Likewise, he notes that Berkeley uses "holistic" review, in which each application is reviewed in its totality -- making it difficult to determine whether any one factor led to an acceptance or a denial.

Rothstein divided Berkeley applicants into two groups to weigh the impact of optional letters. For his "underrepresented" group, he included applicants who qualified for an application-fee waiver for low-income students, those who attended poor-performing high schools, those without a parent who attended college and those from underrepresented minority groups. (Of course, many fit multiple criteria.)

He found that Berkeley admissions officials were more likely to find underrepresented applicants on the borderline of admission or rejection, and as a result were more likely to invite letters from them than they were from other applicants. Forty-five percent of underrepresented applicants were invited to submit letters, but only 26 percent of other applicants were. But while 23 percent of applicants outside the underrepresented group ended up submitting letters (a very high percentage of those asked), only 30 percent of underrepresented applicants did so, a much smaller share of those who were invited to do so.

Generally, the study found that readers gave somewhat higher rankings to applicants with letters than to the same applicants without letters, and this impact was greatest with underrepresented applicants.

But because fewer underrepresented applicants submitted the letters, the impact on overall admissions numbers was negligible.

A New Option for the System

Under rules approved by the Board of Regents last week, all UC campuses will now have the possibility of what is called "augmented review," but only for up to 15 percent of the applicants at each campus, in theory, those for whom there isn't quite enough information to make a decision.
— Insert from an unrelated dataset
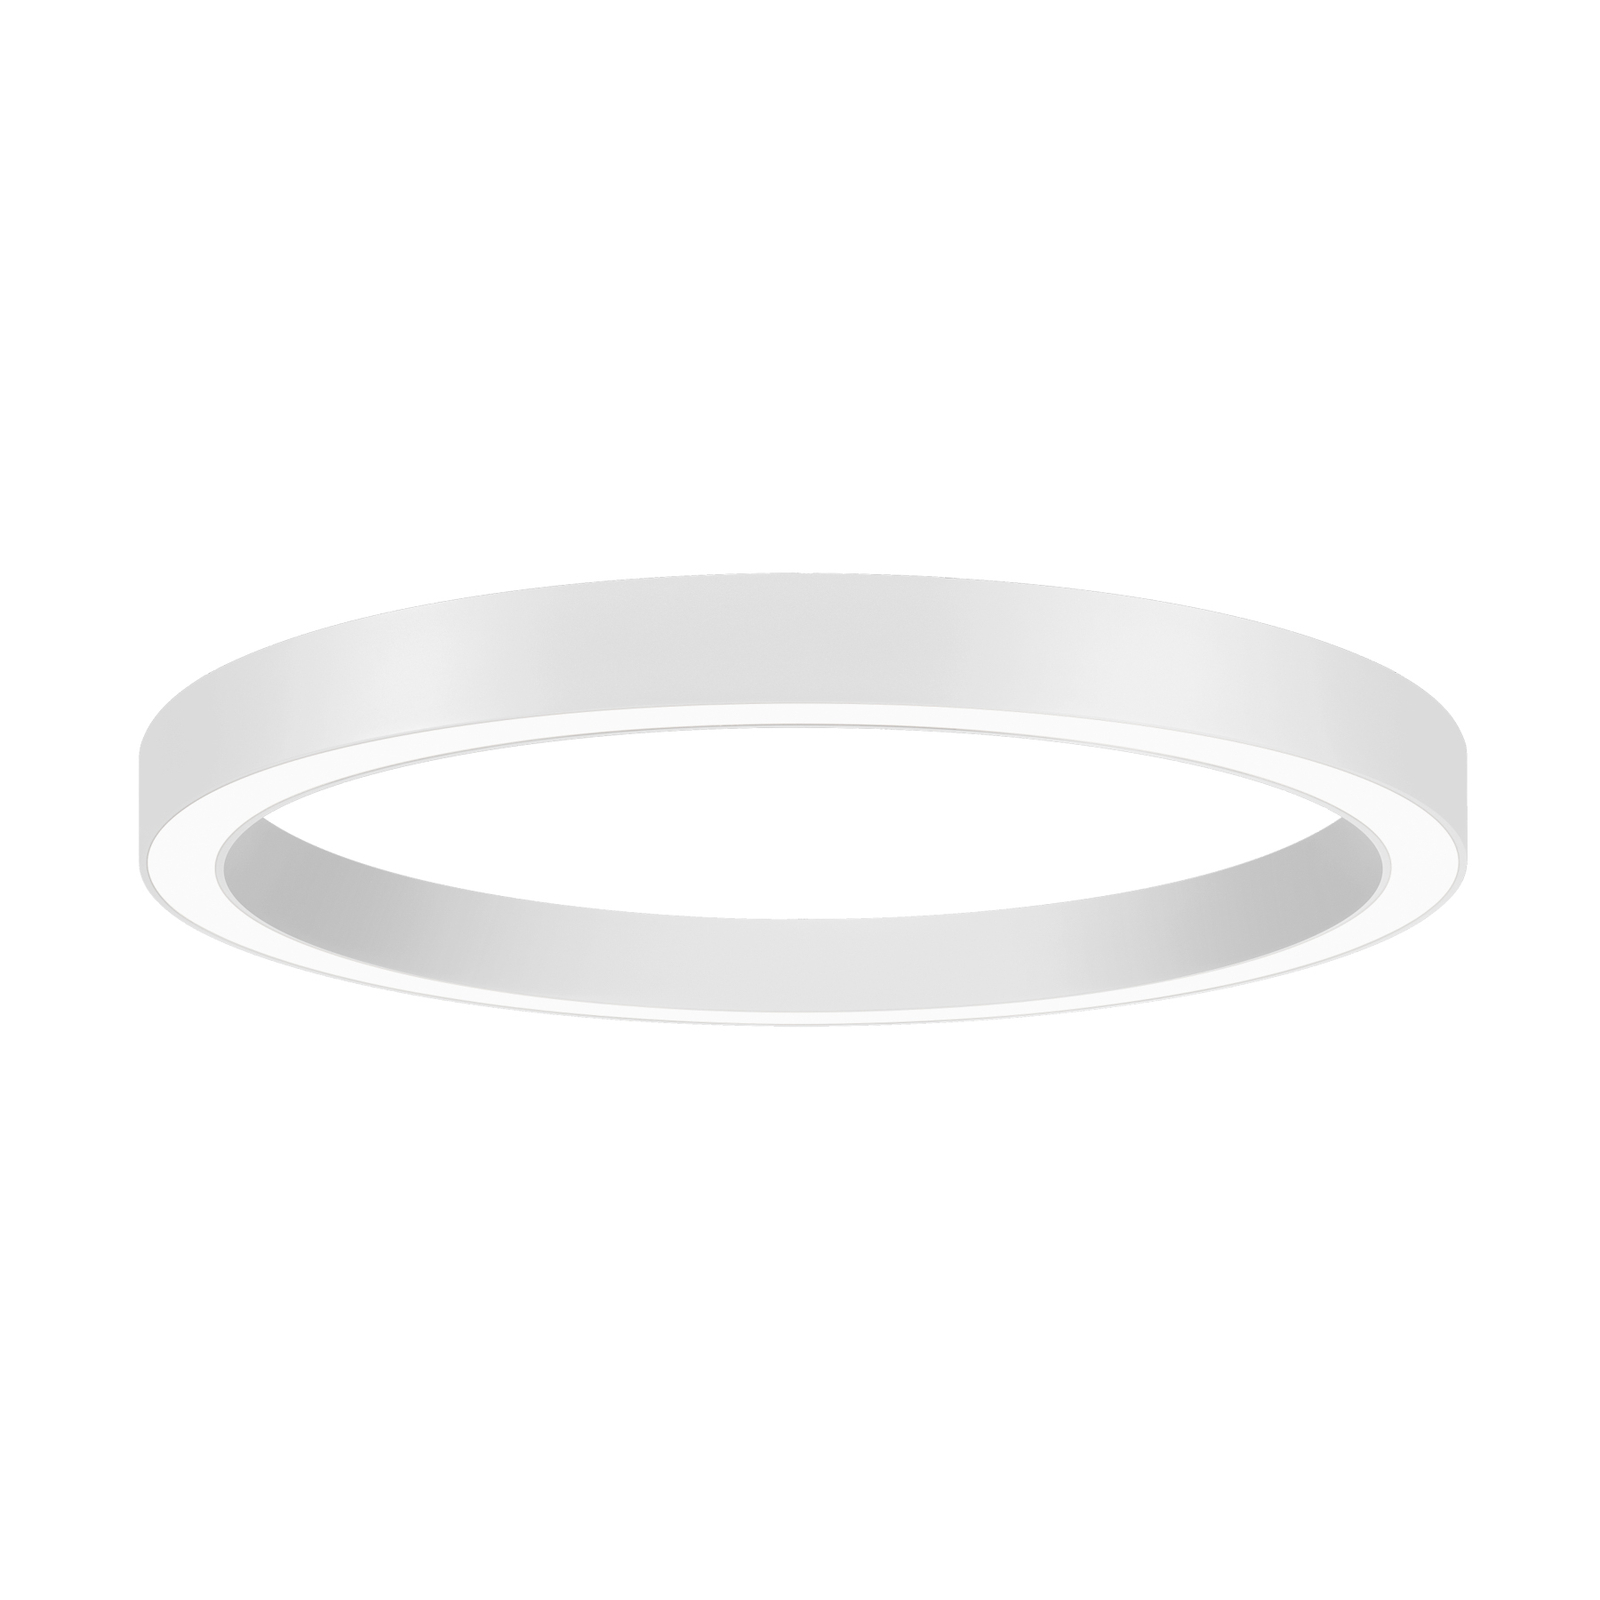 BRUMBERG Biro Kruhový prstenec Ø 60 cm, 40 W, zapnutý/vypnutý, biely, 830

Jim Chalfant, chair of the systemwide Academic Senate for UC and a professor of agricultural and resource economics at the university's Davis campus, stressed in an interview that the new option isn't just about letters of recommendation, although most of the attention has focused there. Besides requesting letters of recommendation, admissions offices may also ask for first semester of senior year grades (not normally reviewed at point of admission) or answers to "a questionnaire inviting the applicant to elaborate on special talents, accomplishments, extraordinary circumstances and/or their school/home environment."

"It is important to stress that almost all applications to UC are complete as submitted and provide a clear indication of the applicant’s qualifications, without the additional information that an augmented review would provide," says the policy document prepared for the board about the change, which was developed with the Academic Senate.

Chalfant said that the Berkeley pilot "wouldn't scale." The university system received 171,449 applications last year for admission to the freshman classes that will start this fall.

In fact, Chalfant said that he is not sure that all the UC campuses will use the system, although there are indications it will be used at Berkeley, Davis, Irvine, Los Angeles and San Diego. And even at those campuses, he said, he doubts "anyone will get to 15 percent."

It's no surprise that some UC observers are once again wondering whether some groups -- and minority applicants in particular -- will benefit more than others from augmented review.

Chalfant said that the Academic Senate intends to monitor how the new system is used. He said there is "an obligation to talk about it" so people know why some reviews will be augmented, and others not.

But going in, he said, there is "no expectation that one group or another" will benefit more than others.